11 thoughts on “Mummified hornworms”

  1. Wow, now that is really cool Seabrooke. So that “horn” is coming out of the caterpillar’s rear end, just like a tomato hornworm? Beautiful images! It is amazing what we miss in our everyday lives isn’t it? Thanks for reminding me to slow down and take notice.

  2. I’ve seen things with holes, and always assumed they were leftovers from one stage or another of someone’s metamorphosis. Parasites, though, that makes more sense. Will have to pay more attention in the future!

  3. Yes, I’ve seen these on many occasions and assumed they were parasitization mummies – however, I never took the time to follow through and make sure. Thanks for doing this for me ;-)
    regards-ted

  4. Outstanding photography and a really interesting item. Thanks for sharing. How did you manage to keep the camera so still in freezing conditions? Do you carry around a tripod?

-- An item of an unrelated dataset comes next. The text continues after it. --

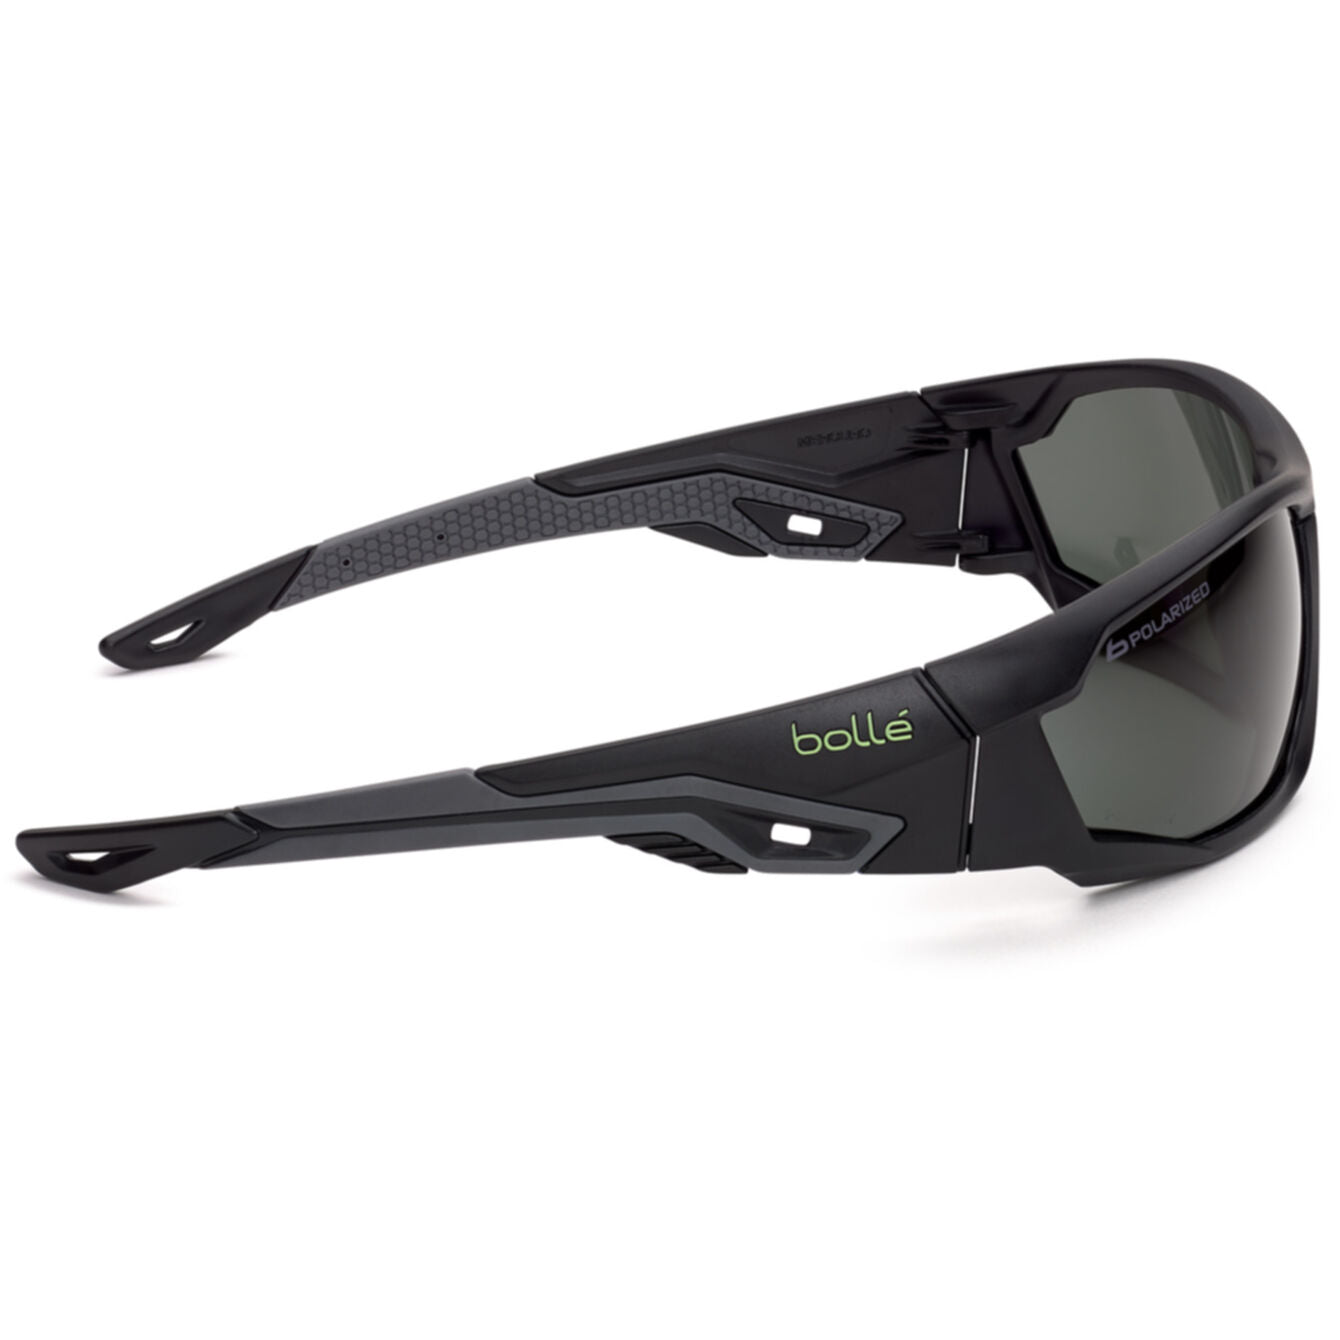 Bolle MERCURO Polarized Safety Glasses - MERPOL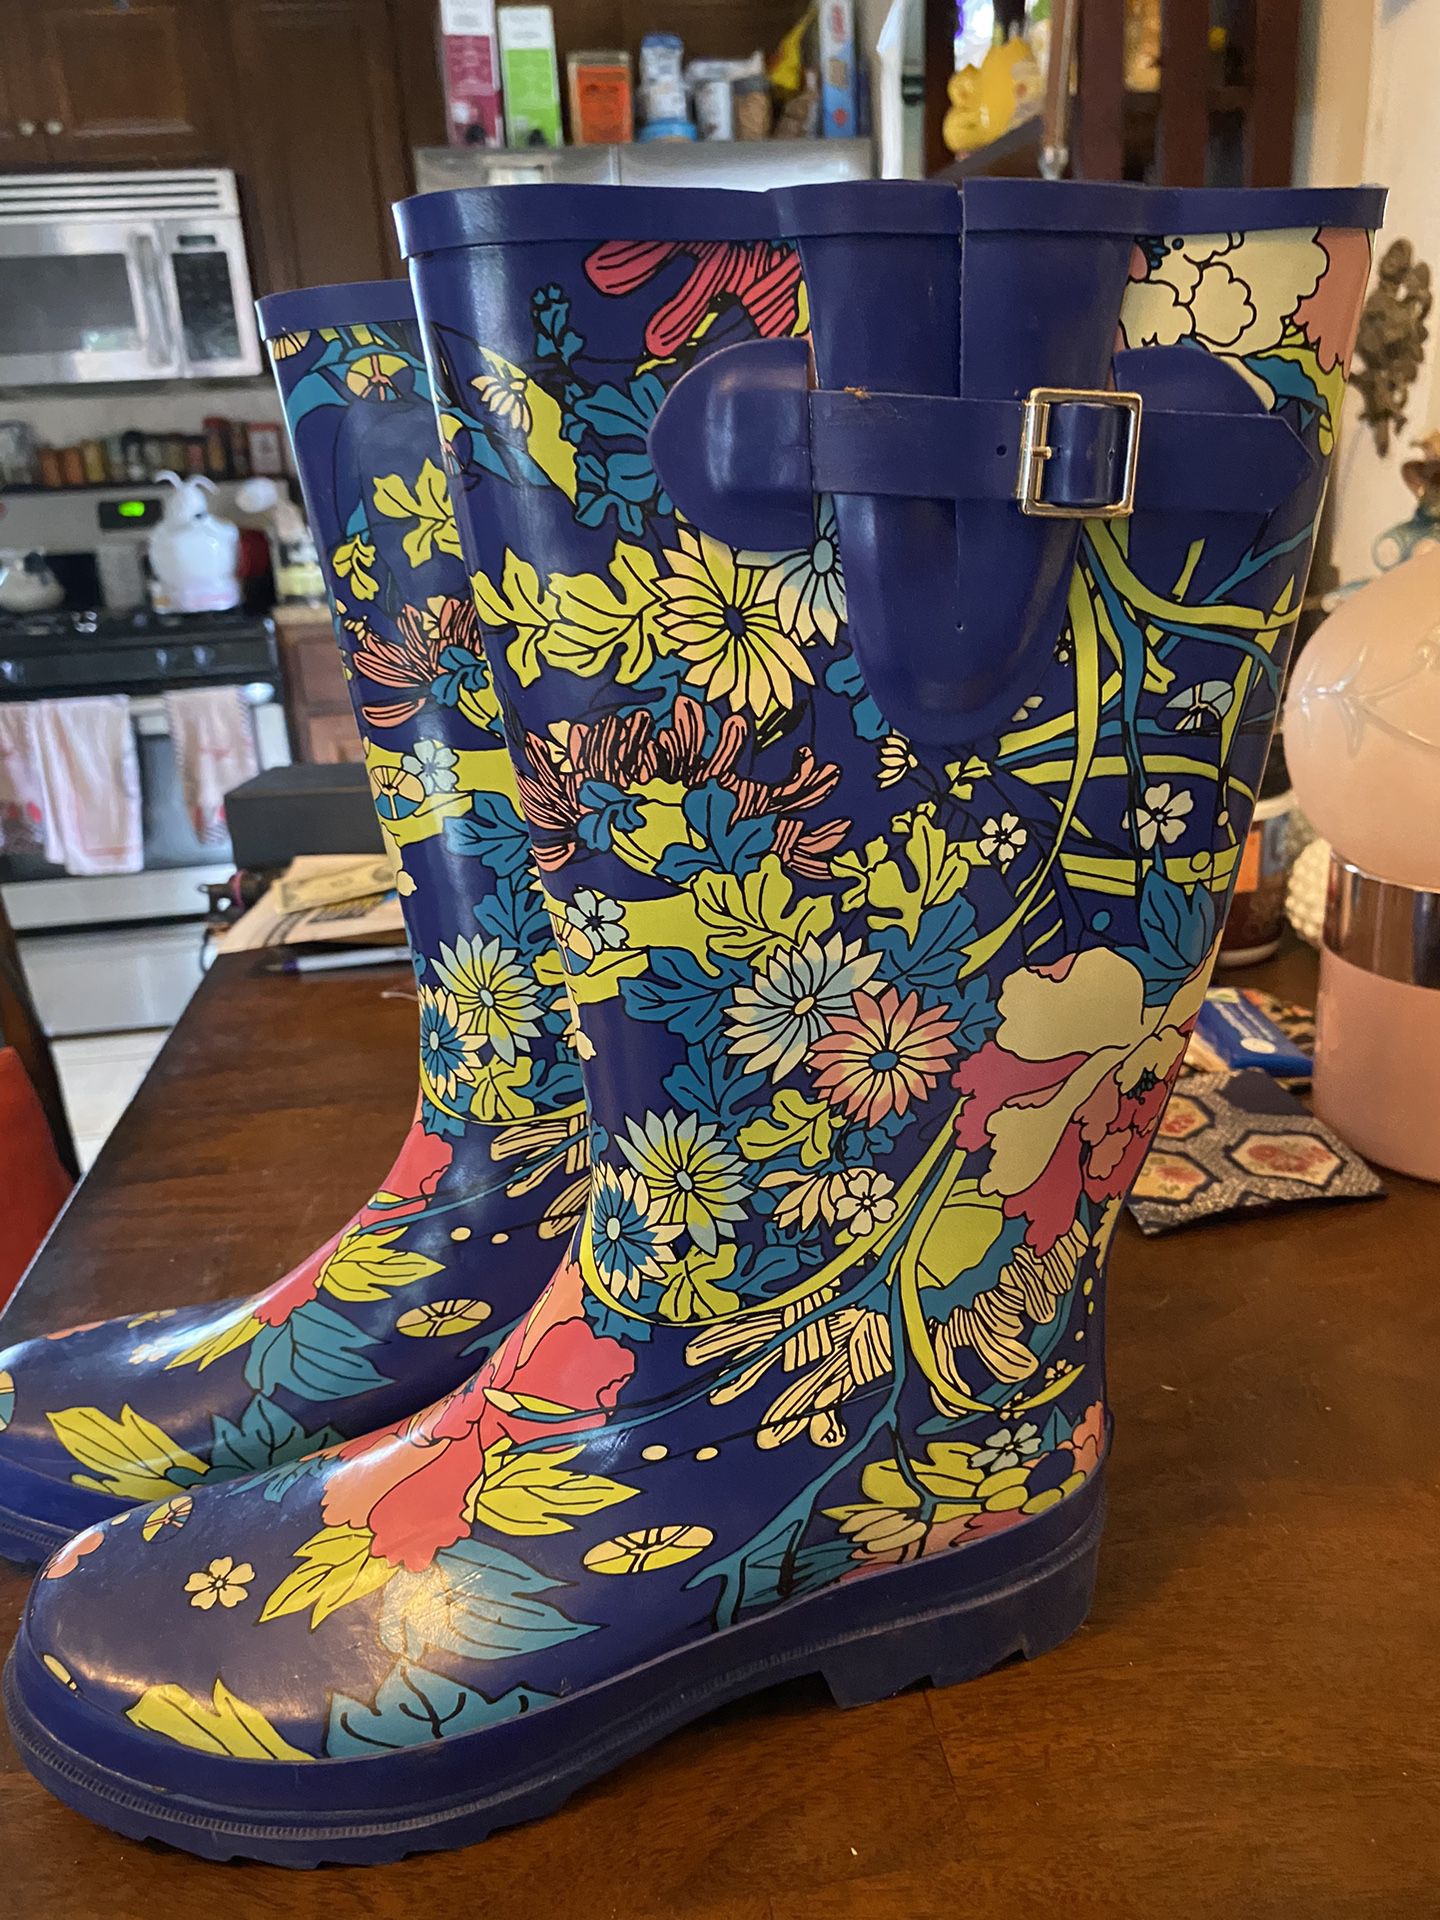 SAKROOTS’ Knee High Rain boots-Women’s Size 10

  5. Thanks for the comments, everyone.

    Lavenderbay – there are some holes that are legitimately made by the owners of the cocoon! See today’s post for an example. I guess you have to have an idea of what it should normally look like to know when it’s abnormal.

    Mike – No, no tripod, though I did consider going back with one. I find it too cumbersome to tote around when I’m hiking, which is when I normally stumble upon these things. Instead I just opened the aperture as wide as it would go, bumped the ISO way up, and tried to stay as still as I could for the 1/20 second exposure. I ran off a few dozen shots and just picked the ones that came out the sharpest.

  6. I wonder if they might be some late hatching caterpillars that just froze before they could make a cocoon?

    This past fall, I was raising a bunch of cecropia moth caterpillars and I had some that hatched out later than most. I found a number of these late (in every sense of the word!) caterpillars frozen to branches after an early frost. They didn’t mature in time to spin a cocoon.